6. Furthermore, the judge pointed out that if a party seeks to persuade a Court that an injury would not have occurred or would not have been so serious, only a medical practitioner can speak to that issue. The motorist failed to call any evidence on this and therefore he failed to make out his case on contributory negligence.

What does this decision tell us at Paradise?

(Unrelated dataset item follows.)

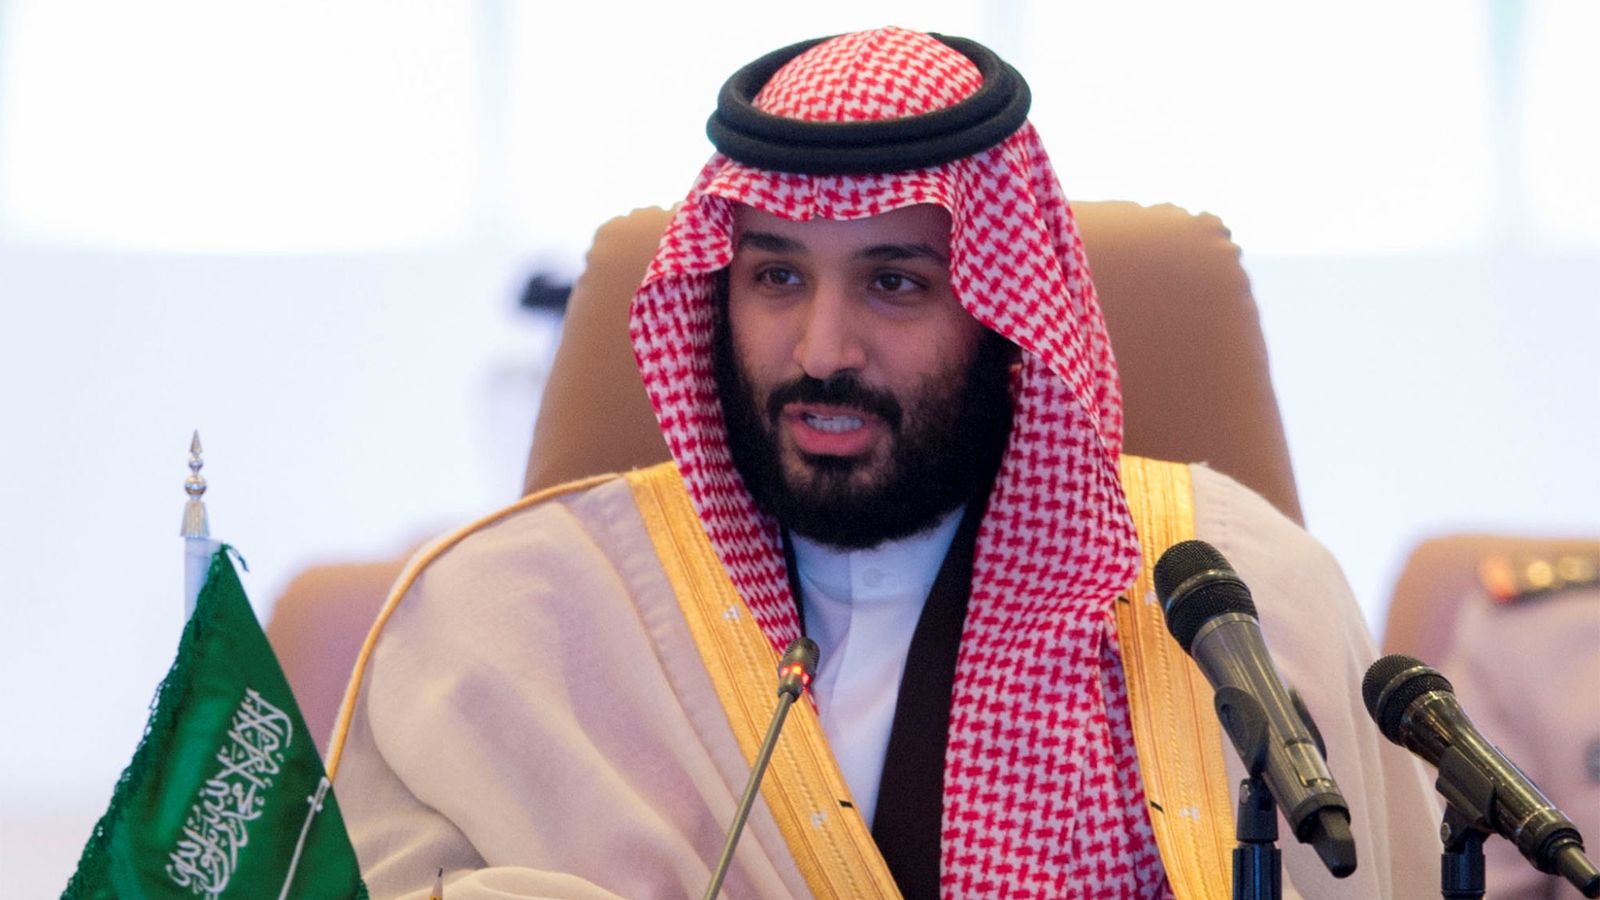 Սաուդյան Արաբիայի գահաժառանգ արքայազնը չի բացառում Իրանի հետ պատերազմը

This judgment should not come as a surprise. Given the recent inclusion into the Highway Code of the rule that cyclists should wear a helmet and the increasing number of cyclists who in fact wear them, it was always the likelihood that a Judge would find that failure to wear a helmet could result in a finding of contributory negligence. This case is a reminder that the burden of proof is on the Defendants to prove that the wearing of a helmet would have prevented or reduced the severity of the injuries sustained by the Claimant. Helmets are only designed to afford protection for relatively low impact collisions. The Defendants must seek medical evidence to prove their case on causation.

The wearing of helmets is a hot topic and is a bit like Marmite – you may just hate them.  I have got so used to wearing a helmet that when I don’t it is a bit like not wearing a seatbelt in a car – it feels strange.  I used to ride a motorbike and have seen the damage that sliding along a road surface can do to your skin.  If my head hit the road and I was not wearing a helmet I suspect that it would hurt or do damage at almost any speed.  I accept that at high speed a helmet may not prevent any injury at all, but in most cases it would reduce the injury and damage.  I saw what happened to a helmet in the Tour de France a while ago when Cadel Evans came off.  The helmet was trashed, but the wearer was able to get up and put a new helmet on and ride away – without the helmet I suspect he would have needed a few aspirin at least and would have been picking grit out of his scalp for days.